Soups are easily my favorite food group, and now that we've (finally) torn off the September page of the calendar, the time is upon us. As a soup-er fan, I order, cook and consume them throughout even the most blistering heat, but they just taste better in sweater weather. Luckily, there are plenty of places to get souped up in Santa Fe, including your own home. Here are some of my favorites around town, as well as an easy recipe to try at home if it's too cozy to leave.

If you need to escape autumn's chill but can't swing a trip down Mexico way, head to Adelita's Mexican Restaurant (3136 Cerillos Road, 474-4897) for their caldo de camarón, or shrimp soup. Served steaming-hot, this tomato-garlic soup full of well-sized shrimp—my "small" order ($11.95) had over a dozen—will chase away the cold and get you in that Yucatán frame of mind. The huge $5 margaritas don't hurt, either.

Soups are integral to diets around the world, which was the inspiration behind the Vinaigrette (709 Don Cubero Alley, 820-9205) "Around the World in 40 Soups" promotion ($4-$7). Between now and April, Chef Erin Wade features soups representing different cultural backgrounds and flavor palates. October's calendar alone ranges from Philadelphia pepper pot to Thai pumpkin laksa. Keep in mind: This is the woman responsible for the pho-sole ($7.75) at Modern General (637 Cerrillos Road, 930-5642), so we're in good hands.

And what's a list of soups in New Mexico without mention of green chile stew?
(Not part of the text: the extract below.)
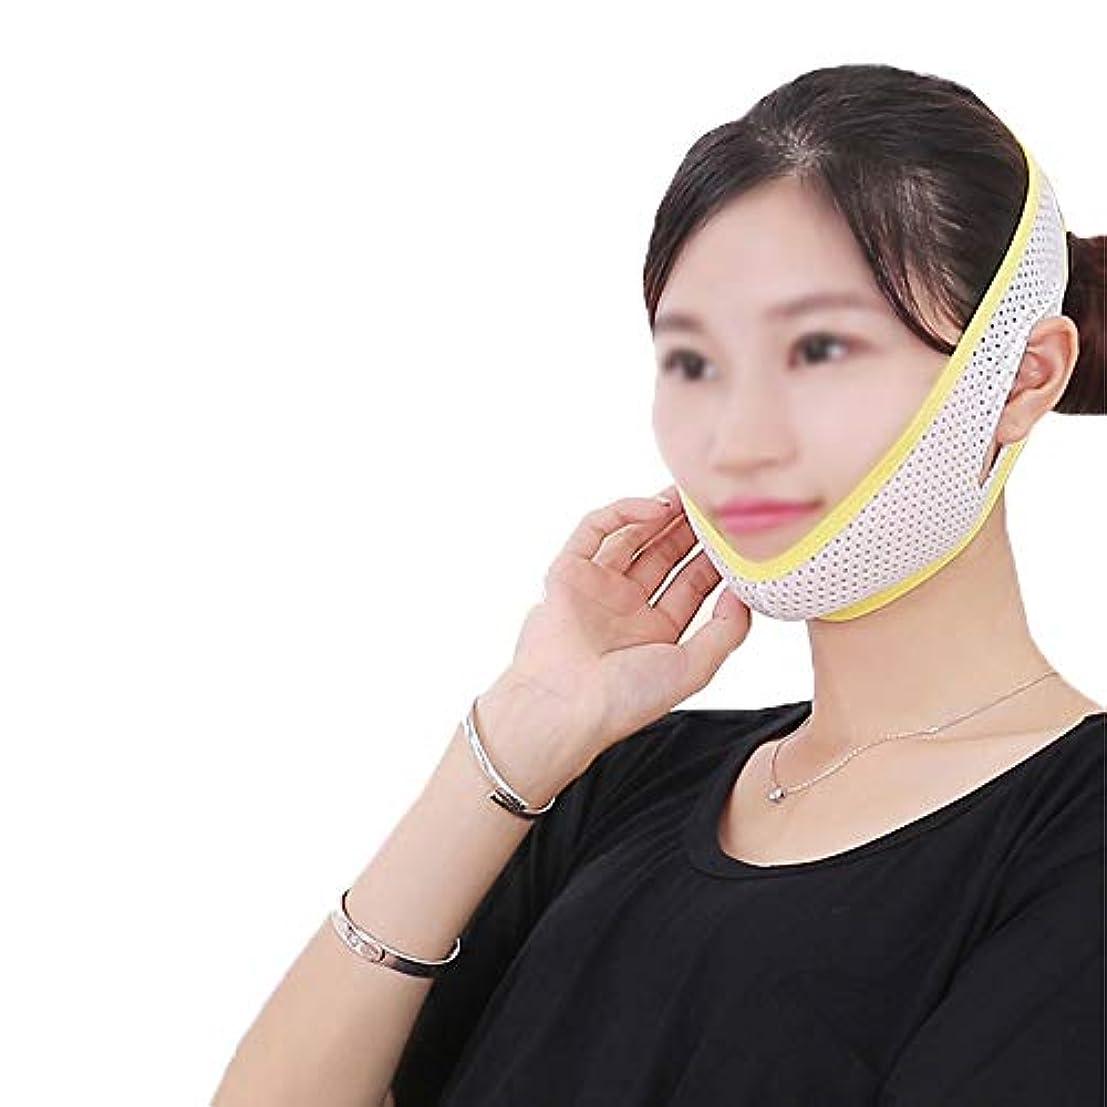 揃える紛争筋肉のXHLMRMJ 顔と首のリフト、フェイスリフトマスク強力なフェイスリフティングツール引き締めとリフティングスキニーフェイスマスクアーチファクトフェイスリフティング包帯フェイスリフティングデバイス (Size : M)
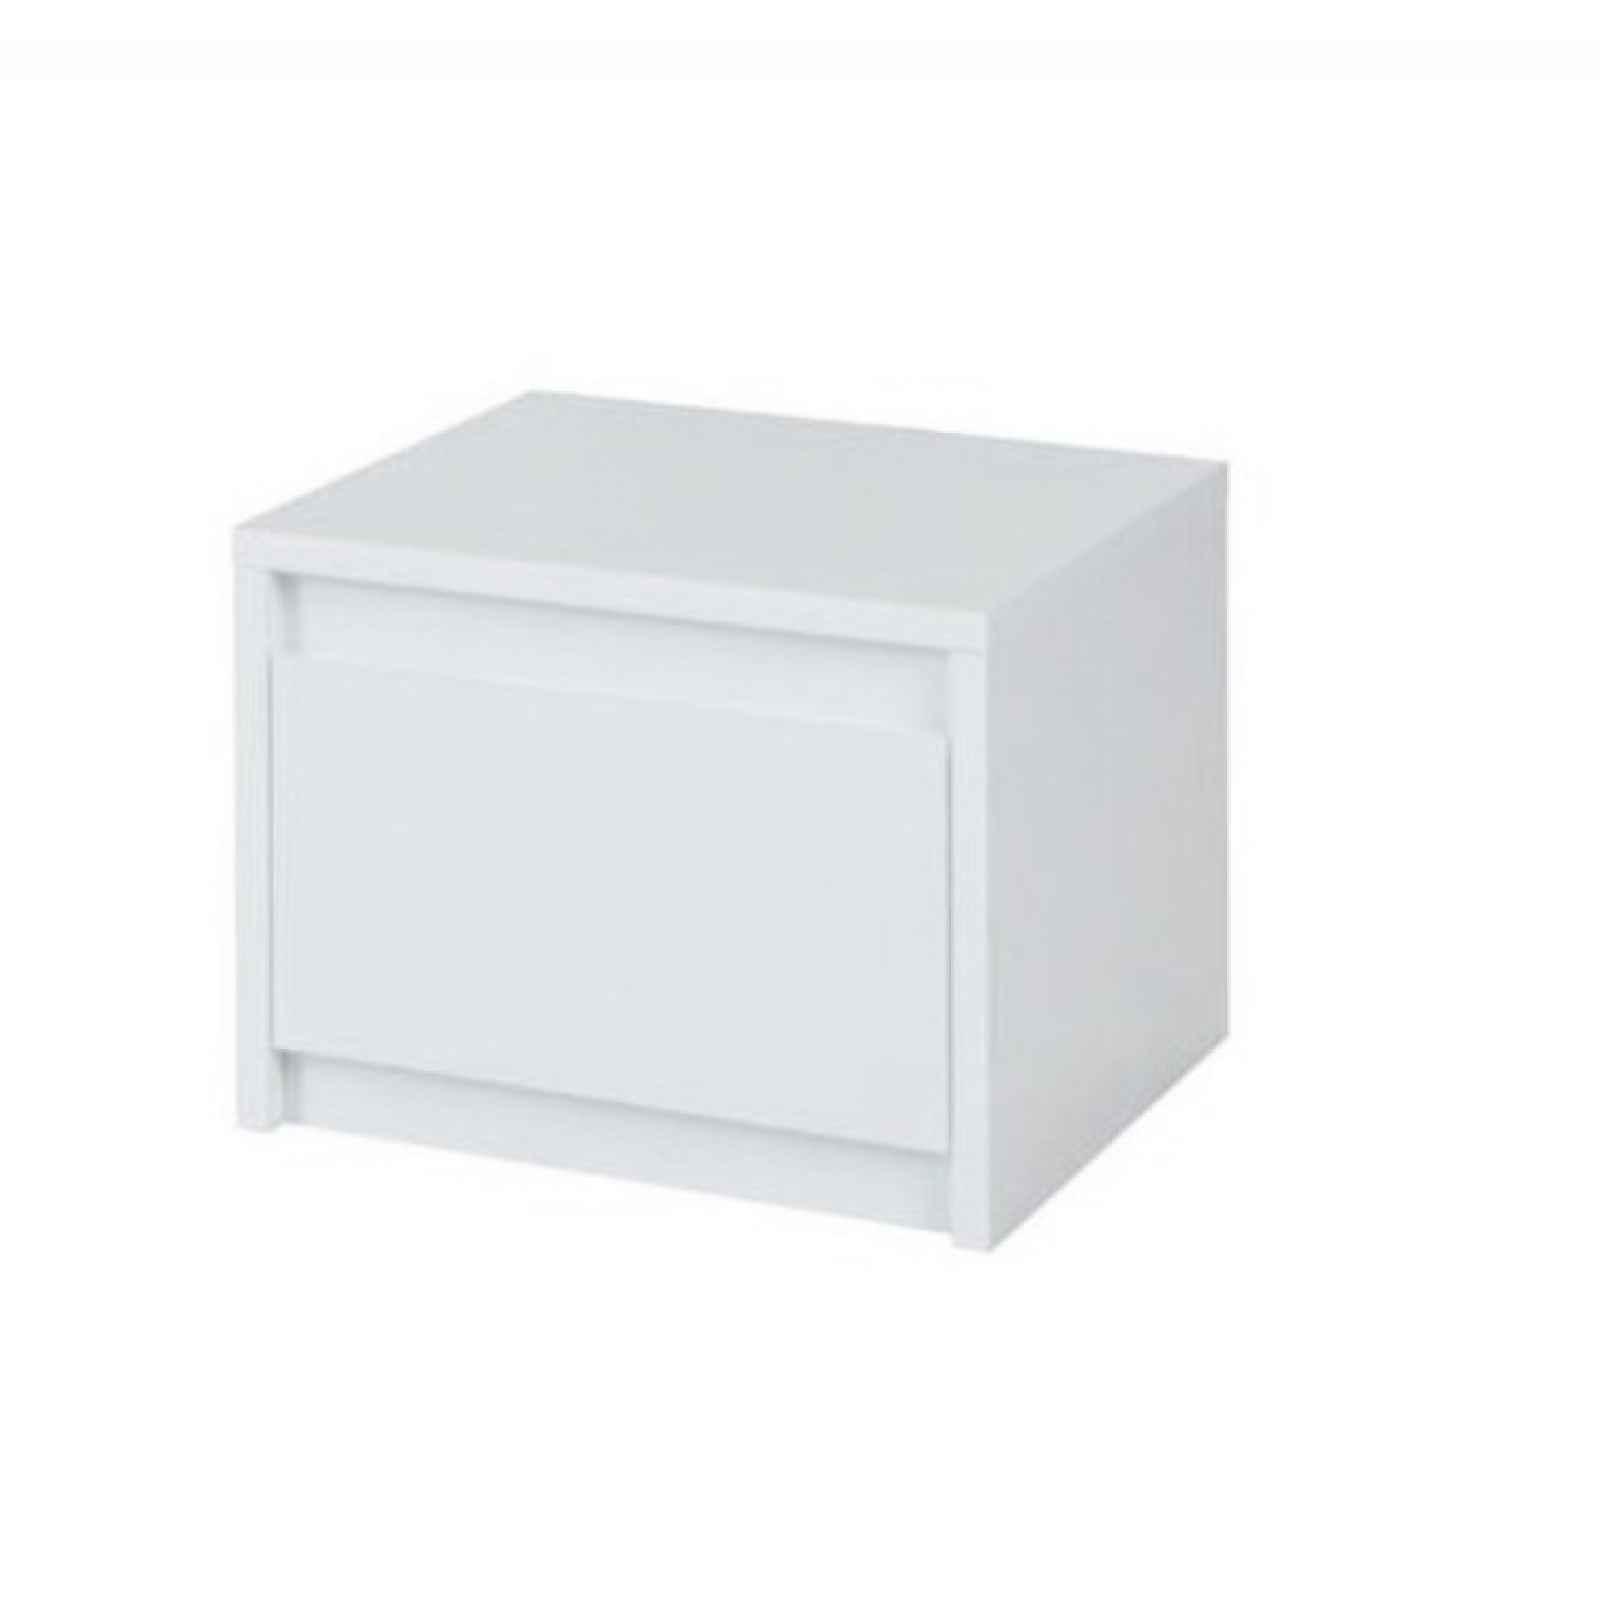 2x noční stolek, bílá / extra vysoký lesk HG, ITALIA 0000210540 Tempo Kondela

Palacio Café (209 E Palace Ave., 989-3505) offers up one of the best in town for $5 per cup or $7 per bowl. Made in-house everyday by the owners, Damian and Maria Muñoz, this beef-based stew hits all the right notes: spicy, savory, scrumptious. It's a popular lunch spot tight on square footage, so if it's too crowded, give their other location Palacio Café II (227 Don Gaspar Ave., 820-7888) a shot for some wiggle room. The patio is perfect for sunny autumn afternoons.

As the temperature drops and the days shorten, it's sometimes a struggle for me to rally the desire to eat out. One of the great things about soup, though, is how easy it can be to make something super tasty. Growing up, my mom would throw this one together after work. It takes under half an hour from fridge to bowl, and it's a breeze to modify to suit various diets.

Tortellini Soup

Serves: 4


  • 1 tablespoon olive oil
  • 1 tablespoon garlic, finely chopped (2-3 cloves)
  • One 28-ounce can stewed tomatoes
  • Two 14.5-ounce cans chicken broth
  • 10 ounces fresh cheese tortellini (I use Buitoni, but any brand will do; in the refrigerated dairy section)
  • 5 ounces fresh spinach


  • In a large soup pot, heat oil over medium heat.
  • Add garlic and sauté until tender.
  • Add tomatoes and chicken broth. Bring to a simmer.
  • Let simmer 15 minutes.
  • Add tortellini and cover then simmer until al dente, about 6-8 minutes. Stir occasionally to keep the tortellini from sticking.
  • Stir in spinach until wilted.

Garnish with parmesan or shredded mozzarella cheese if you wish. As mentioned, it's easy to adapt to fit your needs—substitute the tortellini with cooked chicken (I usually use a store-bought rotisserie chicken for ease), and it's both low-carb and gluten-free. Score one for you.